/Designing a COM library for Rust – Microsoft Security Response Center

Designing a COM library for Rust – Microsoft Security Response Center


I interned with Microsoft as a Software Engineering Intern
in the MSRC UK team in Cheltenham this past summer. I worked in the Safe
Systems Programming Language (SSPL) group, which explores safe programming
languages as a proactive measure against memory-safety related vulnerabilities.

This blog post describes the project that I have been working on under the mentorship of the SSPL team. Hopefully, this provides additional insight into the work Microsoft interns do!

Project Overview

My goal was to build an open-sourced Rust library that will allow developers to both consume and produce in-process Component Object Model (COM) components in an idiomatic manner.

Note: There are existing Rust crates that provide COM support, including winapi-rs, Intercom, XPCOM, com-impl, com-impl-rs and com-rs. Having these crates as references allowed us to make well-informed design decisions that laid the foundation for this library.

For the uninitiated, COM is a language-agnostic, object-oriented standard for creating binaries. Thanks to COM having an extremely well-defined Application Binary Interface (ABI), binaries that support this standard can interoperate with each other, regardless of the language they are written in.

A COM component exposes its data through a set of
interfaces. For each interface, a Virtual Method Table (vtable) is defined, similar
to a C++ object’s layout for virtual functions. These vtables contain function
pointers to the actual function implementations. The COM component then stores
pointers to these vtables, also known as vpointers.  The picture below illustrates this.

By enforcing the layout of function pointers in vtables, COM
allows any language to map internal data types to that of a COM object’s vtable.
This provides any language with the information they need to dereference the
correct function pointer and thus call the corresponding exposed function on a
COM object.

Note: There are other fundamental mechanisms behind COM
(such as DLL entry points, COM object instantiation, etc.) that I won’t be
covering here. For more details, I highly recommend COM reference on MSDN as well as Essential COM by Don Box.
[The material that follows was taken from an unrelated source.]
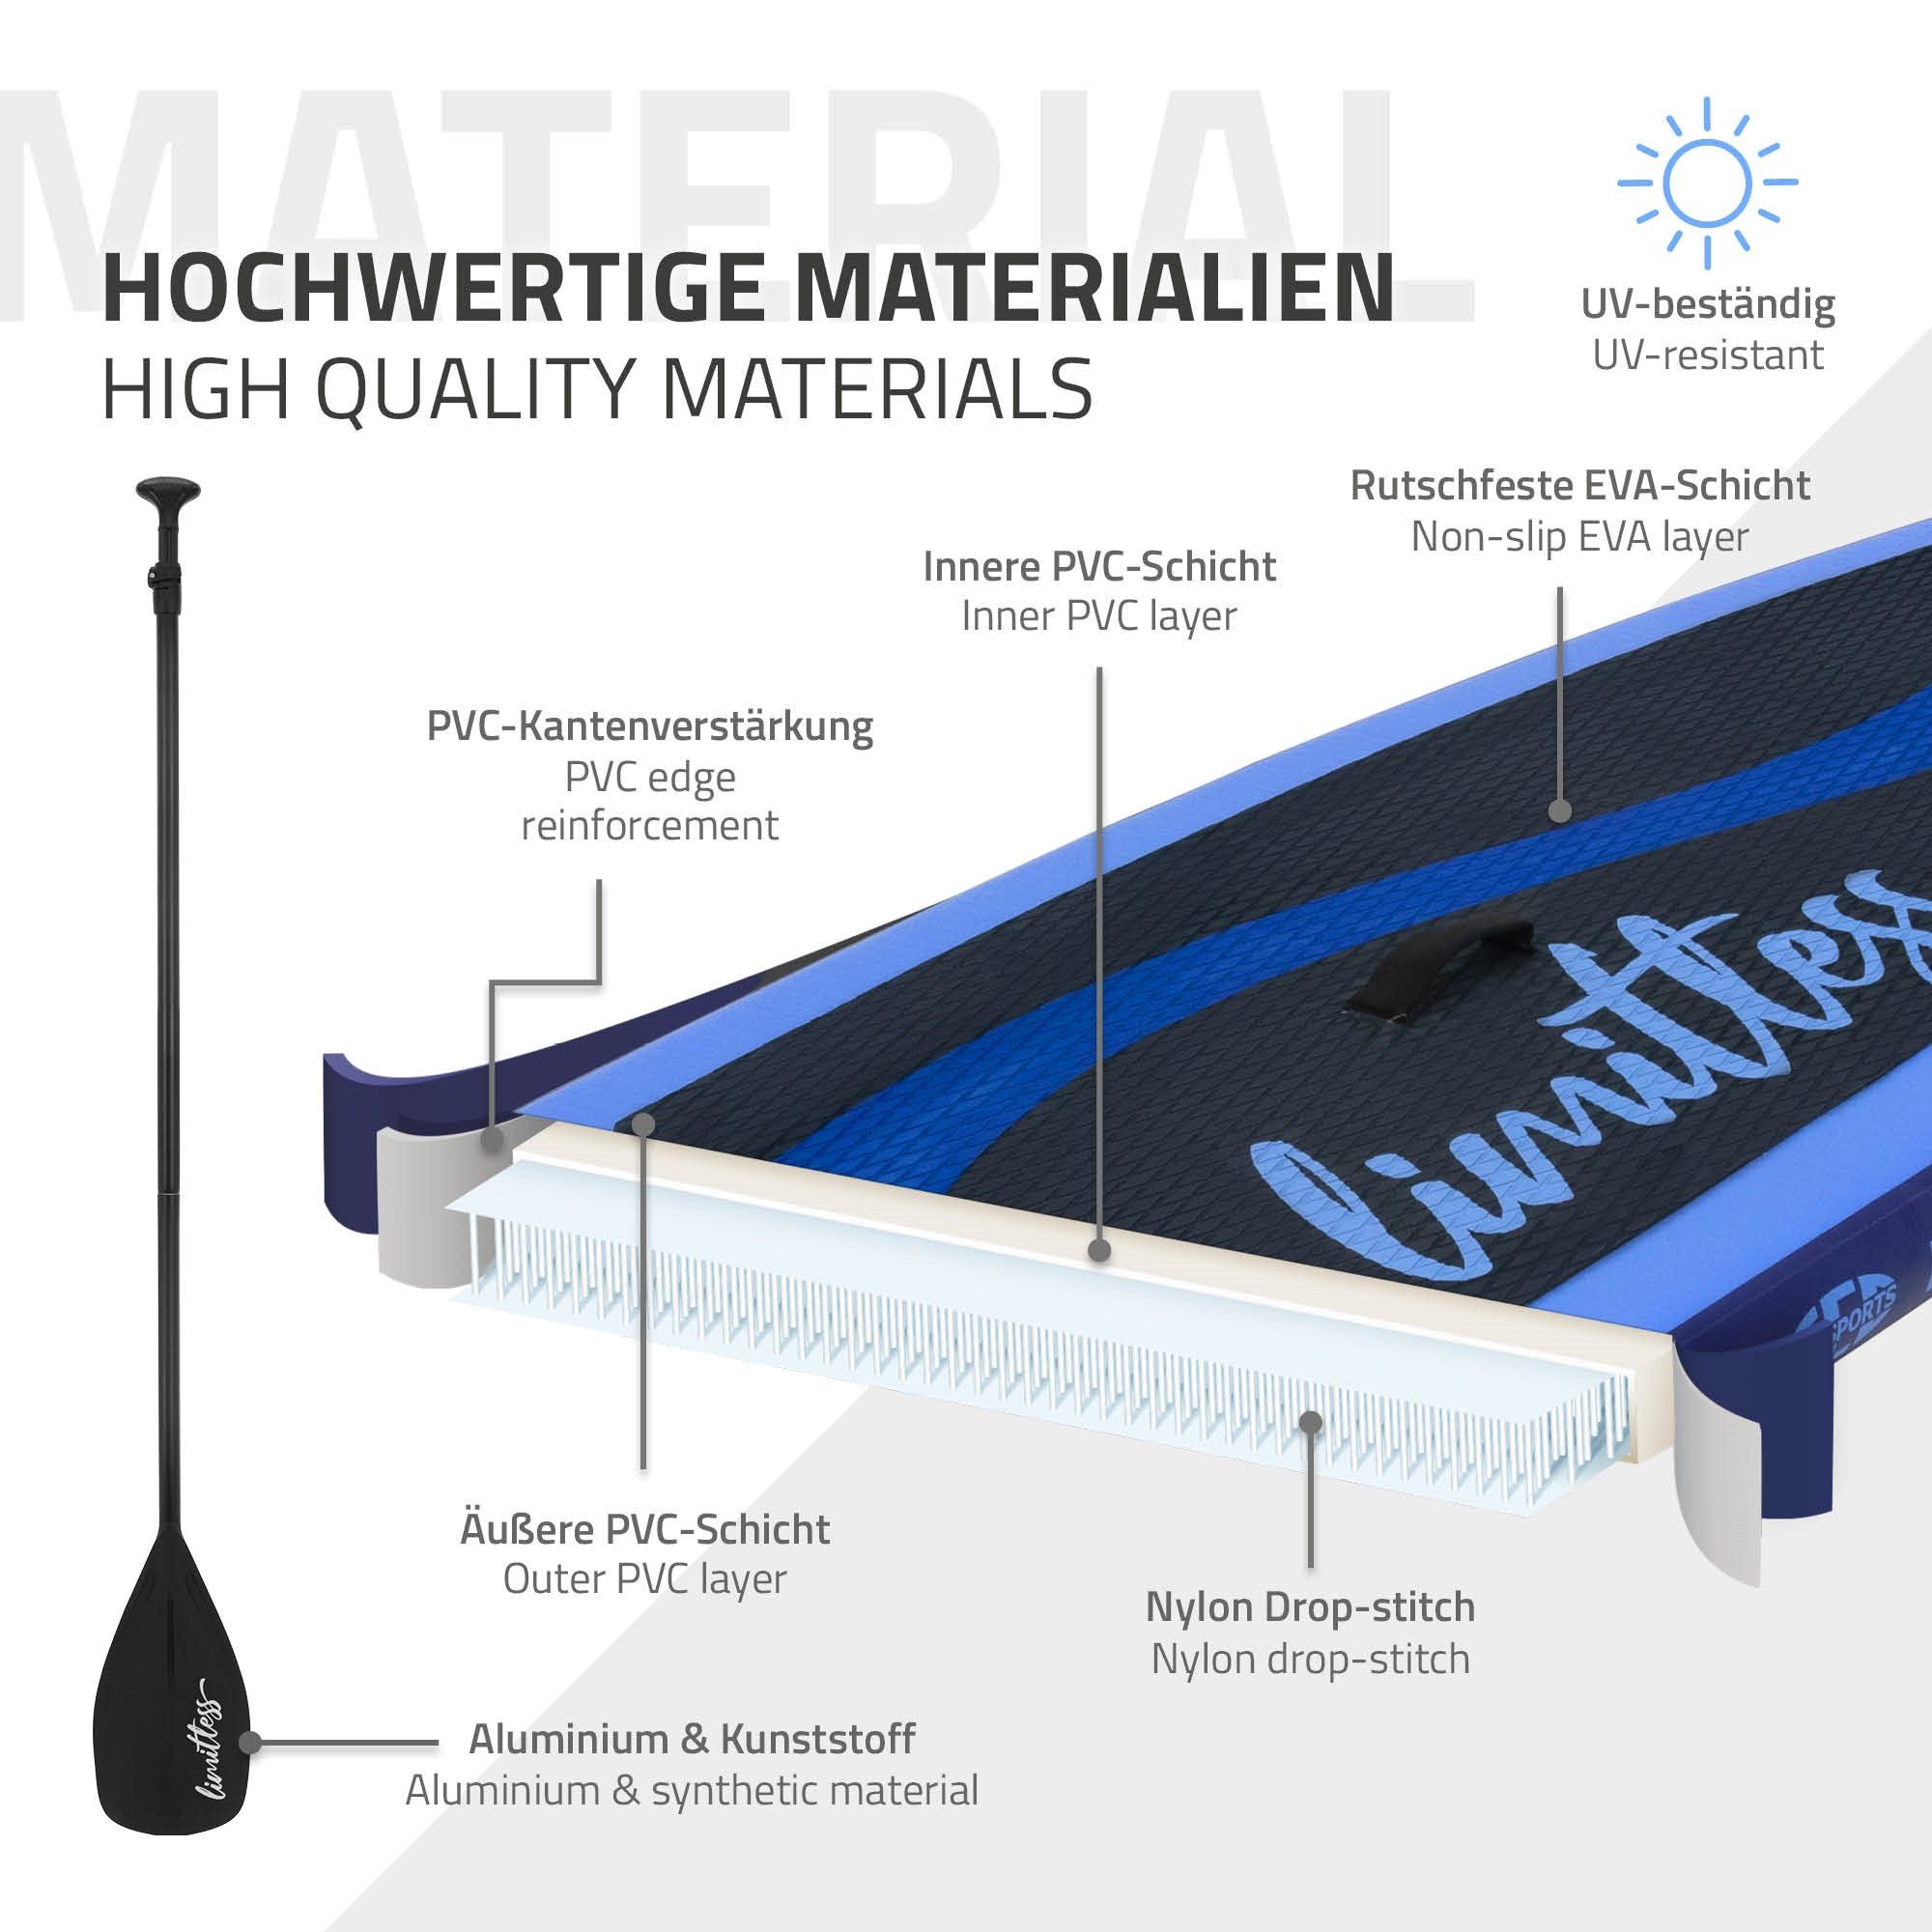 ECD Germany SUP-Board Aufblasbares Limitless Zubehör Paddle 120kg 308x76x10cm Board Set bis PVC Surfboard, Komplett Paddelboard Blau Up Tragetasche Stand

Why enable Rust support for COM?

As part of an attempt to eliminate a class of
vulnerabilities, Microsoft is investigating the adoption
of safer systems programming language
s. As we discussed in an earlier
blog
, one such language is Rust. One of the challenges of Rust adoption is
interoperability with C++ and existing Microsoft tooling. COM is a standard
used widely in Microsoft and supporting it is a necessary step towards
interoperability with existing components.
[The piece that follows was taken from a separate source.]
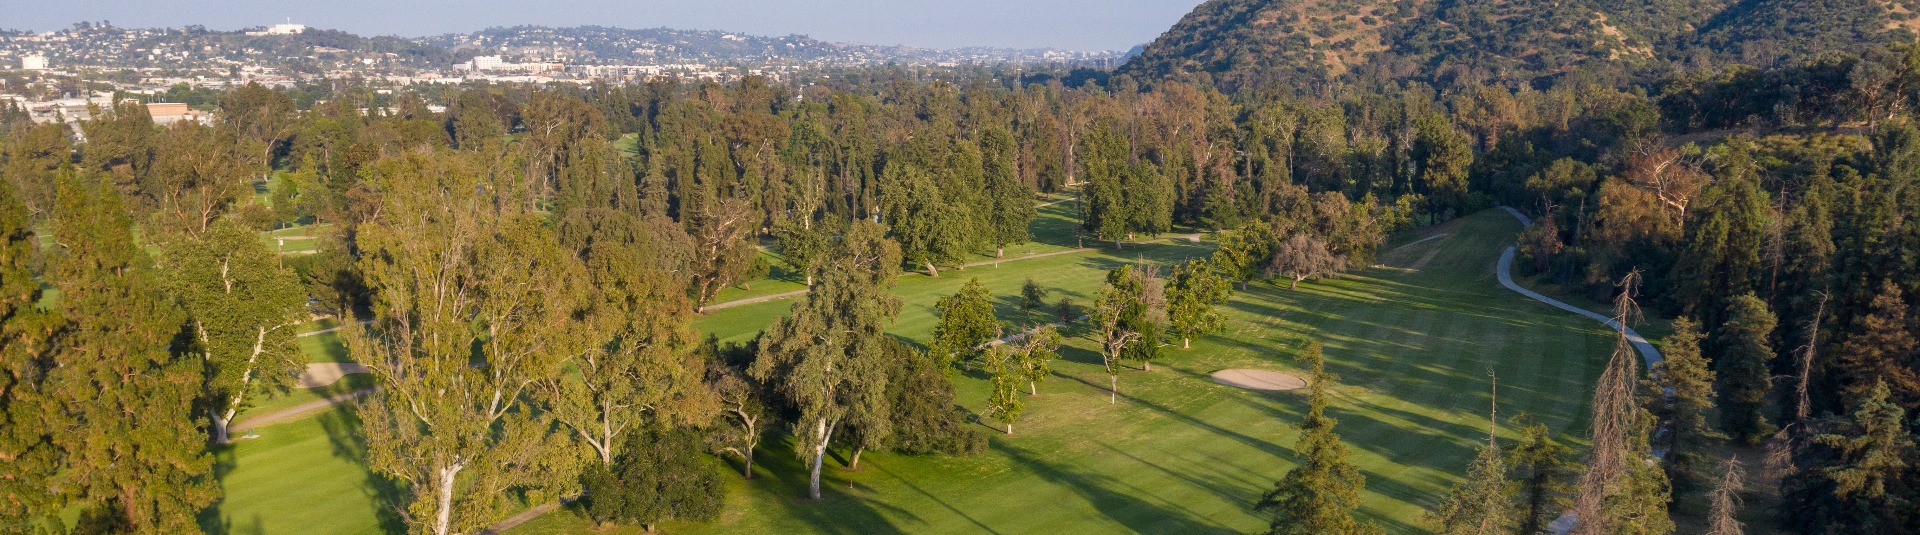 Home - L.A. City Golf Courses

Outside of Microsoft, the aim of this library is also to
allow COM developers to leverage the Rust compiler’s memory safety guarantees
to create more secure COM components. We examine this impact and associated
challenges in greater detail later, when we talk about writing safe wrappers
for COM interactions.

Implementation/project design

In this section, we will explain how our library will work
in practice.

Note: Along the way, there will be snippets of behind-the-scenes design decisions, which we hope will help those joining the project.

One of the primary goals of this project was to create an
idiomatic library for Rust developers to consume and produce COM components. Much
of writing COM interactions involve boilerplate code, which describes and
generates the different vtable  layouts. To
make it idiomatic to use, we tried to abstract away the COM details as much as
possible. Thankfully, Rust has an expressive macros system which allows us to
achieve this abstraction!

To consume a COM component, you must first describe the
interface (here, IAnimal) in Rust.

To interact with a COM object that exposes the IAnimal interface, take two actions. First, instantiate the COM object, which returns you an interface pointer (a pointer to a vpointer). You do this through a Runtime struct, which controls the lifetime of the COM Library using CoInitializeEx/CoUninitialize.
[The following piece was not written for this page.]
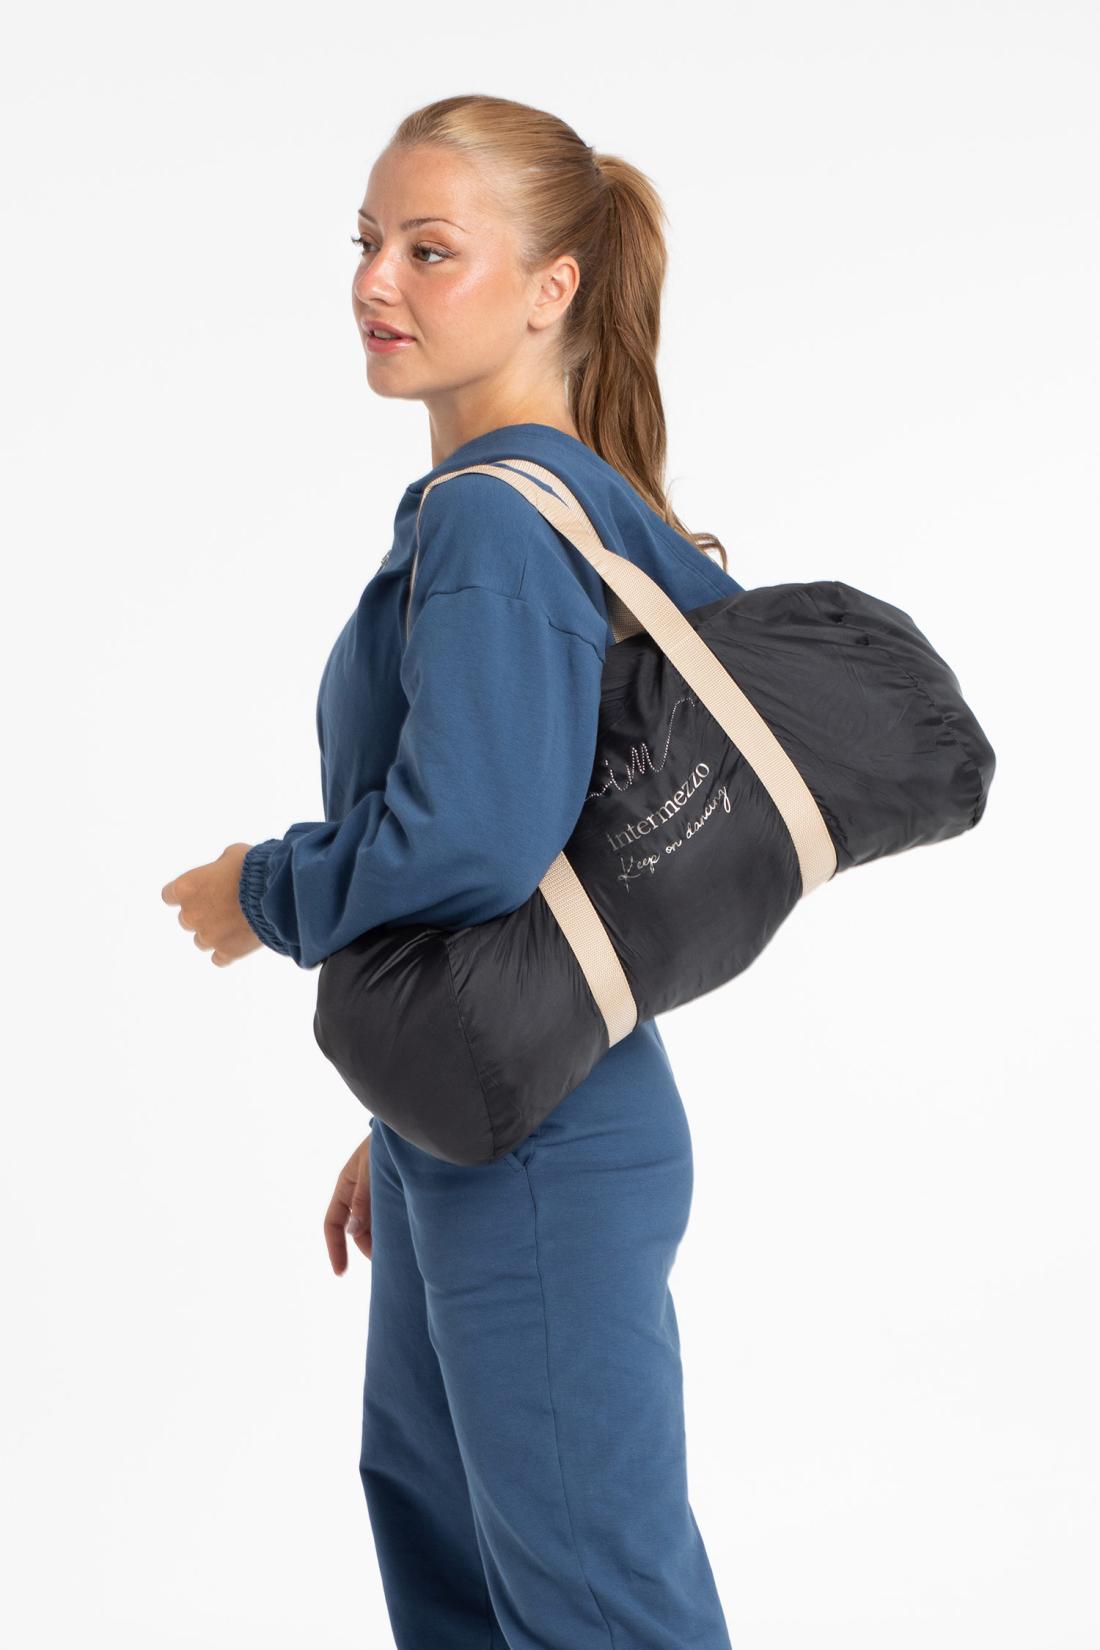 Perspiration fabric Bag with inside pocket and shiny logo Intermezzo dance ballet

Second, call methods through the interface pointer.

Macro usage for the consumption side was relatively straightforward
to implement, as COM abstracts the implementation details of COM components for
consumers.

Create your own COM object

On the production side of things, we spent most of the time trying to make the design both extensible and idiomatic. This wasn’t easy. COM provides many implementation possibilities when creating a component, which we must be able to cover with our library. At first, we tried to completely abstract away the presence of the generated vtables that will make an object COM-compatible. We did this by wrapping the user-defined object in a struct we can term as ComBox. This ComBox holds the vpointers, which are then passed to consumers to interact with.

This worked well for basic COM. However, this solution was created under the assumption that users will never need to access their vpointers. This assumption proved to be wrong. There are many features that COM permits when creating a COM
component. One of these features that enable code reuse is Aggregation, which allows
you to expose another COM object’s interfaces as if it were your own. To enable
aggregation at any point, users will need to explicitly provide the aggregated
object with your own vpointer. Since this violates our original assumption,
this affected our design decisions.

We now know we need to hide the COM details, yet also provide experienced COM developers access to these details. Assume you want to create a COM component called CatDog which inherits from COM interfaces ICat and IDog. To do that, you would have to write something like this:

Developers will define their user fields in the struct. The
#[co_class] macro then expands the struct to contain the COM fields (vpointers,
ref_counts, etc.) A caveat here is that the user must implement a constructor
“new”, within which it must initialise the COM fields through a macro-generated
“allocate” function. The main difference here is that methods are defined on
the wrapped struct containing the vpointers. This grants the user access to
these fields since they are now within the same scope!

How safe is it, really?

We’ve discussed how to use our library and some design
decisions that we made. What’s the real impact of using Rust?

Even though Rust provide memory safety guarantees, all bets are off when using the unsafe superset of the language. In this particular case, COM promotes interoperability between languages and these interactions will require frequent use of the unsafe superset of Rust. Here’s why.

The usual practice for Rust developers is to create safe wrappers around these interactions. These safe wrappers verify the raw pointers and convert them to safe types. A nullable pointer would be checked and converted to an Option, so developers must explicitly handle the null case, etc. Unfortunately, we couldn’t replicate this solution for our library. These wrappers are not foolproof. We can force users to handle null pointers explicitly, but what about dangling references? There is no way of verifying that the pointers passed to us don’t point to garbage or invalid memory. How can any of these wrappers be marked safe in Rust standards?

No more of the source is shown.